Messenger also provides federation (interoperability) with enterprise networks using Microsoft Office Communications Server (OCS). We make the connection between Windows Live and the selected enterprise network using the SIP protocol, the same method we use to connect Windows Live Messenger with Yahoo! Messenger. These federation services bring networks of massive scale together. Messenger servers can also talk to multiple end-points: desktop, web, and mobile. Many higher end mobile phones have Windows Live Messenger mobile clients available. It is also possible to communicate from Messenger to a mobile phone through SMS (text messaging). Someone signed into Messenger on their desktop can add a phone number to a Messenger contact (in selected countries). The desktop Messenger user can then send IMs to their friend's mobile device, and the friend can reply from their phone via SMS, with each person using the method that works best for them. To enable this, Messenger is integrated with the SMS network.

Careful planning for updates

Given all of the interoperability requirements, you can imagine the carefully choreographed operation it takes to update the Messenger desktop client. Each update has to interoperate with multiple versions of Messenger, in multiple languages, and in multiple countries. The bandwidth needed for such an update is a sizable portion of the overall bandwidth consumed on an average day by all of Microsoft. This of course means that the Messenger servers have to support multiple protocol dialects and multiple versions of a particular dialect at a time. Similarly, upgrading any Messenger server type requires that the upgraded servers continue to work across the rest of the server types and honor all the supported protocols.

The current Messenger system, which supports more than 300 million customers, runs on a few thousand servers spread across multiple data centers worldwide. Apart from the three server types mentioned above, we also have servers that automatically manage the system to reduce human intervention to a minimum. Since Messenger is mostly stateless, automated management of Messenger is easier than for other, "stateful" services. The same quality makes Messenger more efficient in the cost of running the system.

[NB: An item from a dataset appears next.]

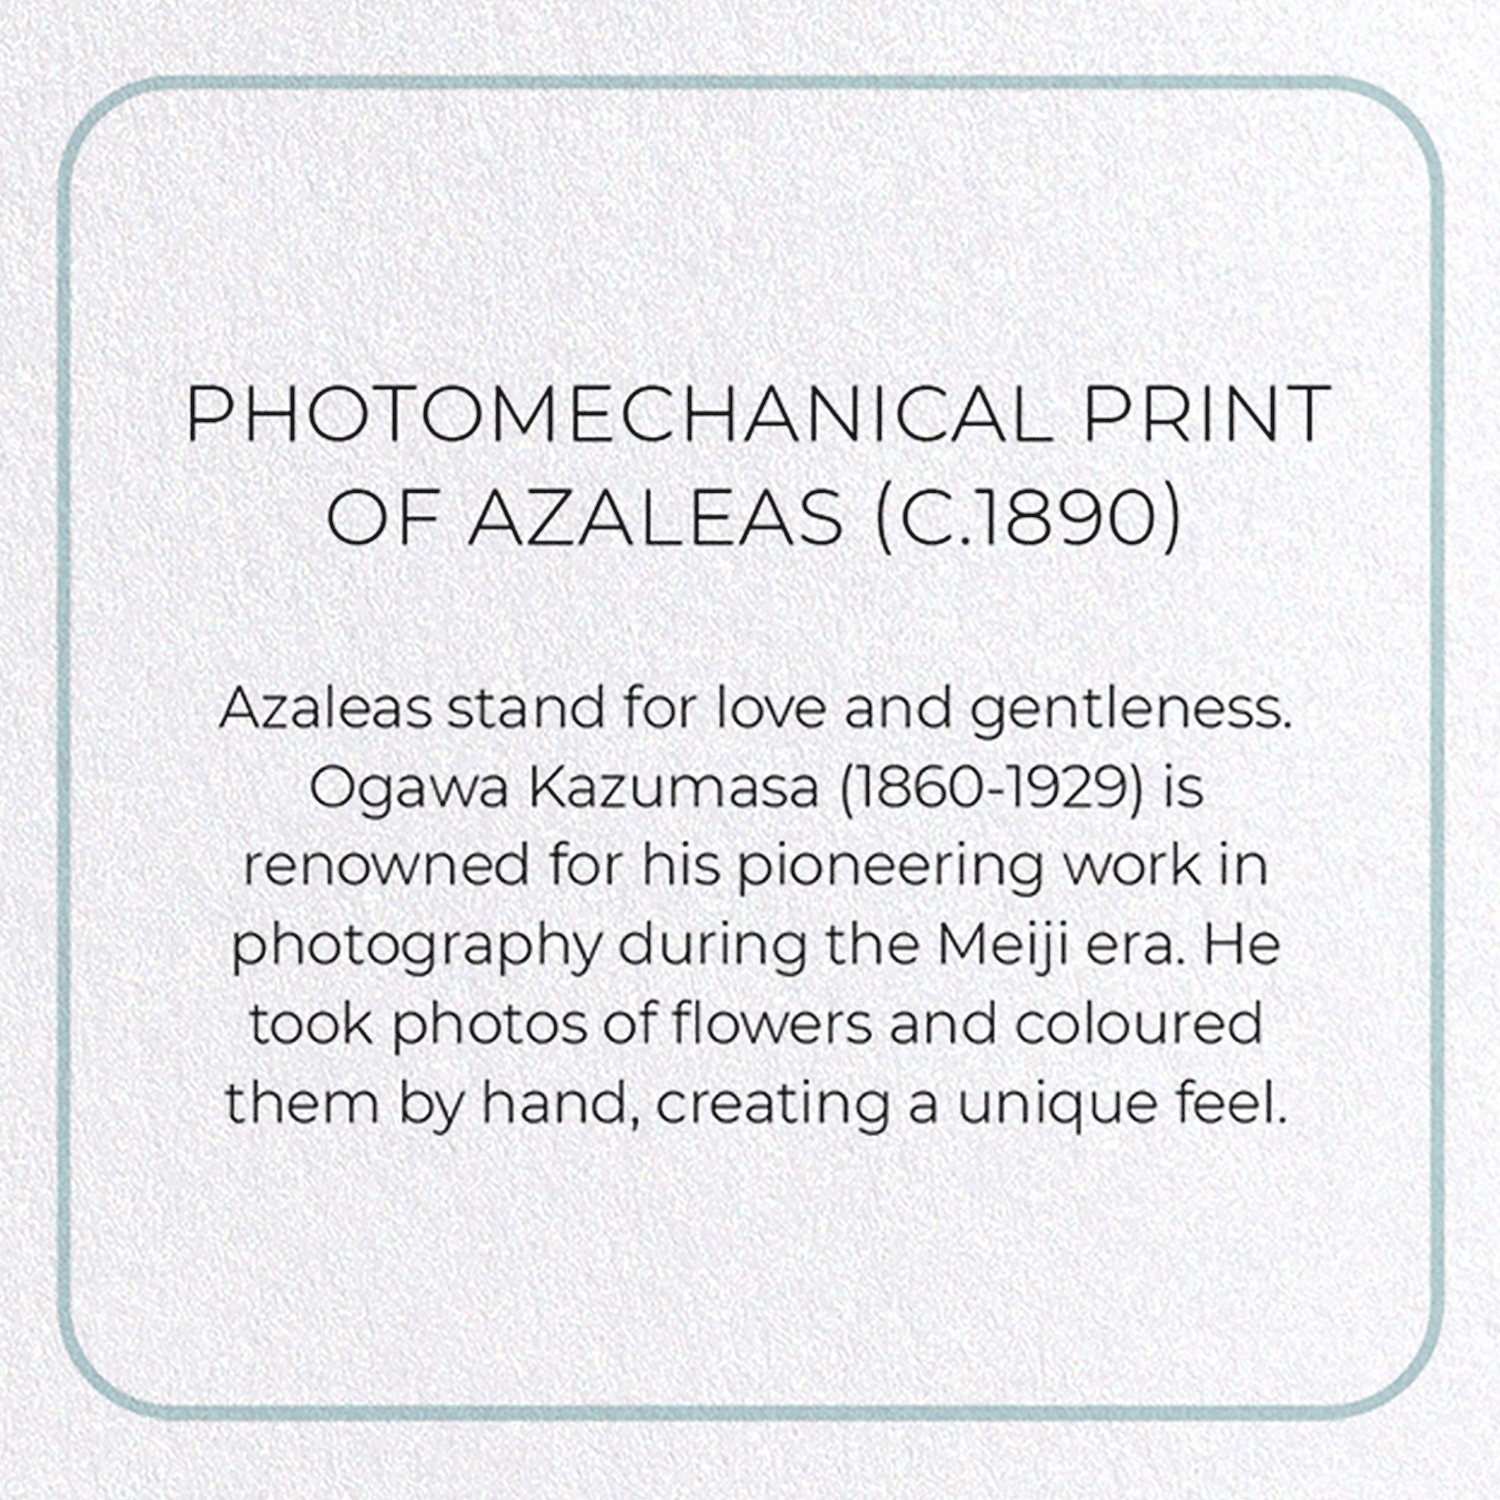 PHOTOMECHANICAL PRINT OF AZALEAS (C.1890)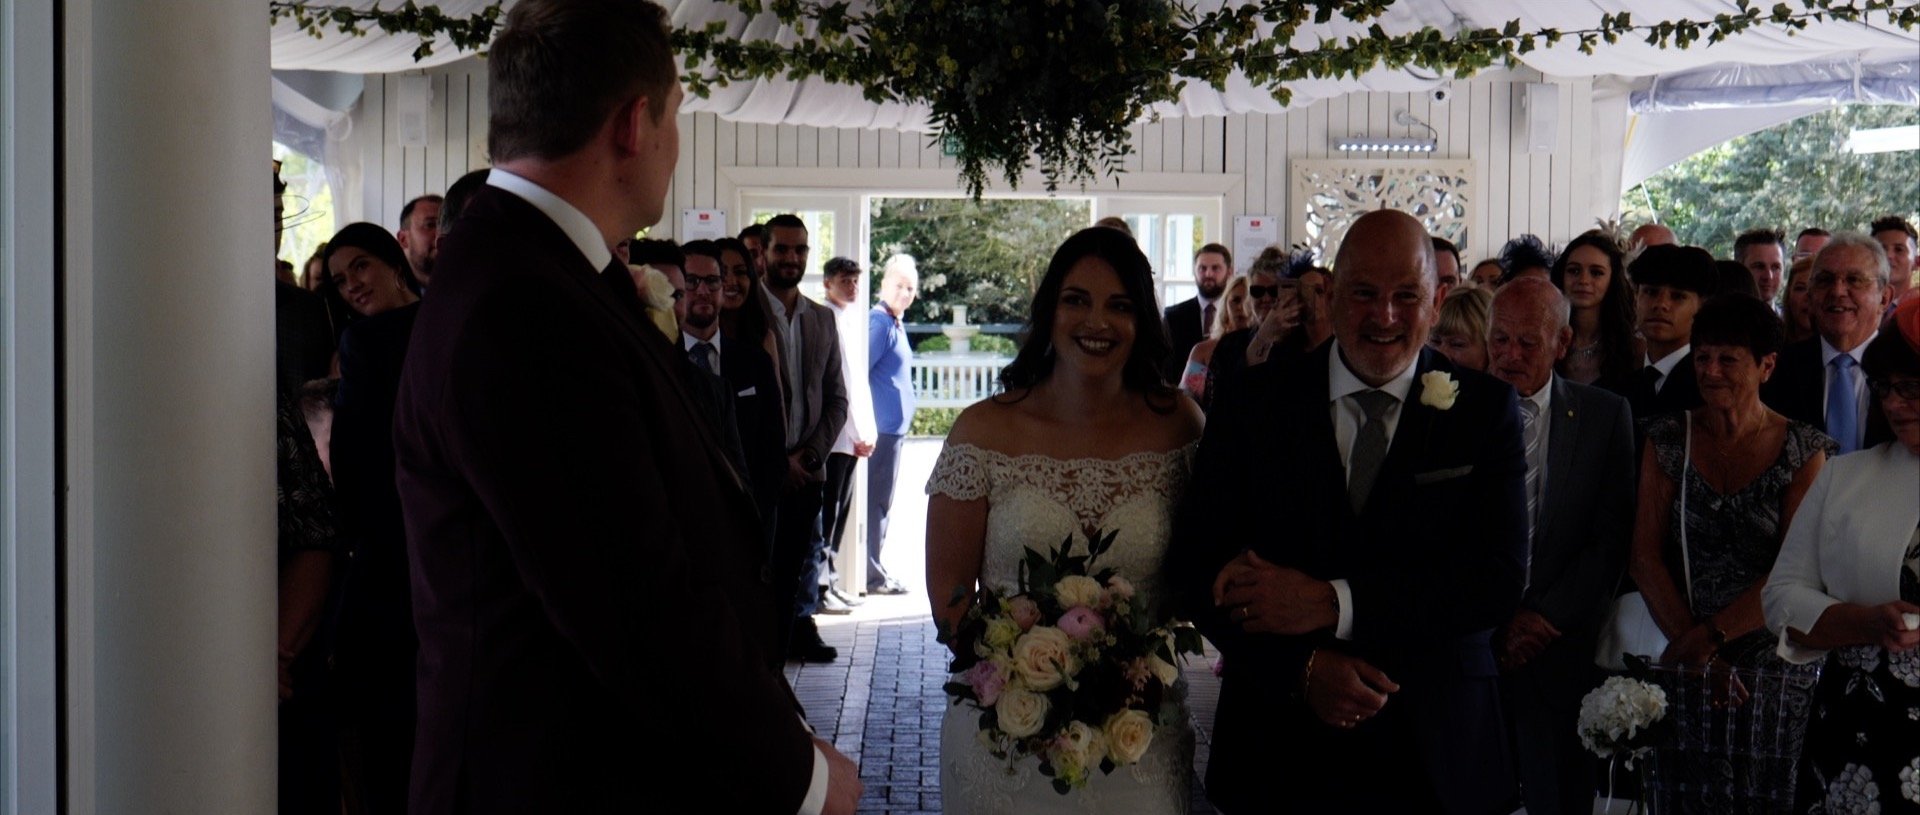 Walking down the aisle at Friern Manor Essex wedding Videos.jpg

I hope that I've been able to convey a sense of the architecture of the Messenger service, how we are able to scale it by server type, and some of the nuances of running the service.

Russ Arun
Windows Live Messenger

Russ Arun was recently honored for Outstanding Technical Leadership by members of the Microsoft Technical Community Network (TCN). The award recognizes Russ’s role in spearheading dramatic improvements in the Window Live Communications Platform.